Both clinical and subclinical psychosis is probably a consequence of underlying genetic and environmental interactions.

Defining differential impact of environmental/familial risk factors and psychotic experiences across the onset of clinical psychosis.

To assess mental health outcomes in a 6-year follow-up of a representative general population sample with a special focus on extended psychosis phenotype.

Addresses were contacted in multistage clustered area probability sampling frame covering 9 districts and 302 neighbourhoods (n: 4011) at baseline (T1) and 6 years after (n: 2142) (T2). Psychotic experiences were screened with Composite International Diagnostic Interview and probable cases were re-interviewed with SCID-I. Relations were tested using logistic regression models.

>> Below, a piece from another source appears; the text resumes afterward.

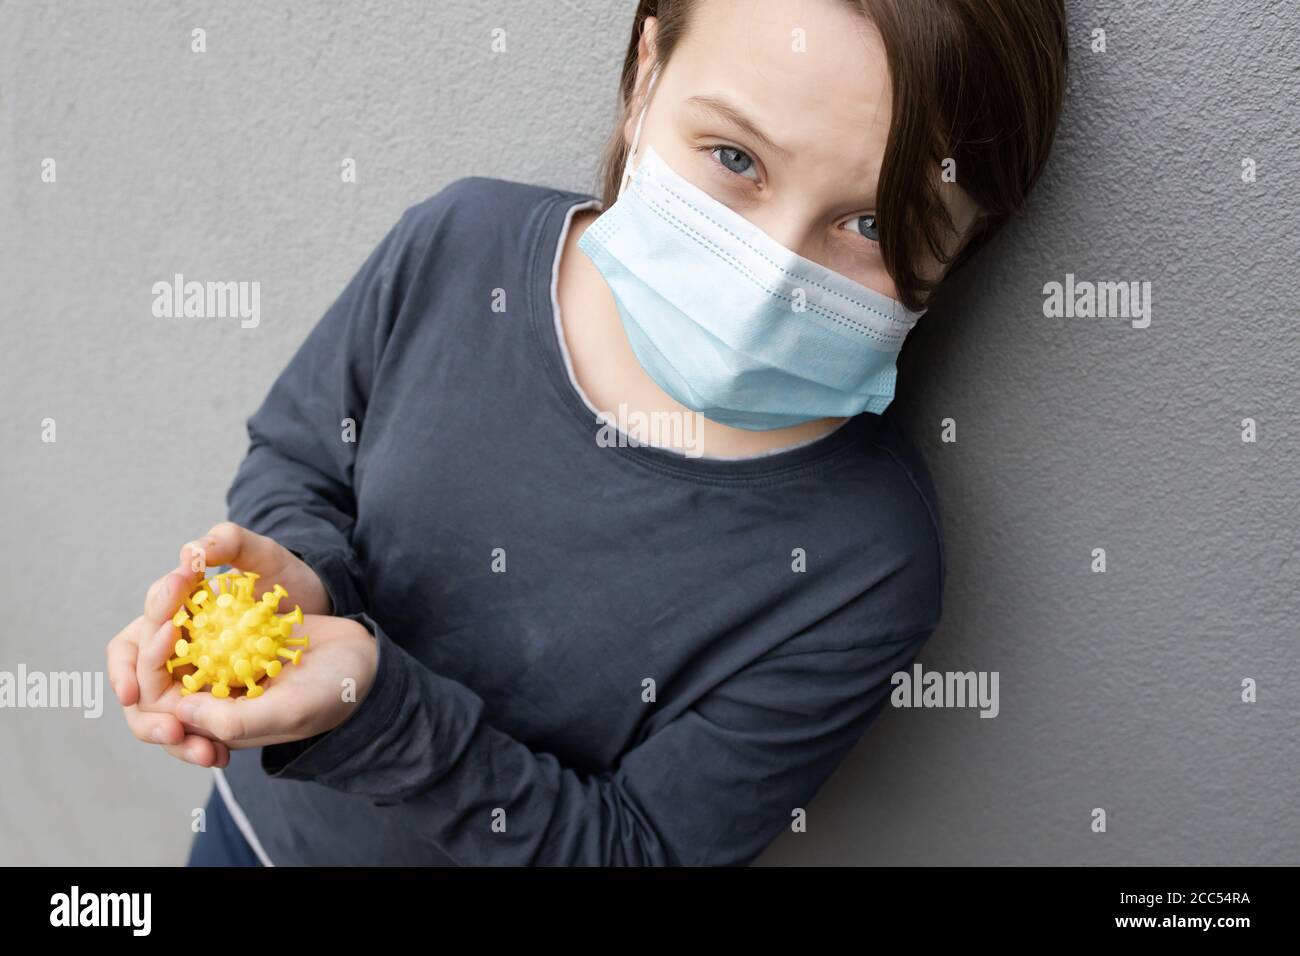 Young caucasian boy wearing a blue surgical mask and holding a corona virus model during the COVID-19 pandemic Stock Photo

Of subclinical psychotic symptoms at baseline, 6.4% transitioned to clinical psychosis; 44.4% persisted, 90.2% transitioned to any DSM disorder. Of newly onset clinical psychosis at T2, 62.8% had subclinical psychotic expressions at baseline. The risk of developing clinical psychosis was greater in those with baseline subclinical psychotic experiences, alcohol–cannabis abuse, stressful-forensic event history and family history of mental disorders. Most of risk factors associated with psychosis proneness at T1 were also associated with clinical psychotic outcome at T2 (Table 1).

Psychotic experiences takes attention for the risk to develop psychosis due to underlying genetic and environmental interactions; also may be an important risk factor to develop any mental disorder.

The authors have not supplied their declaration of competing interest.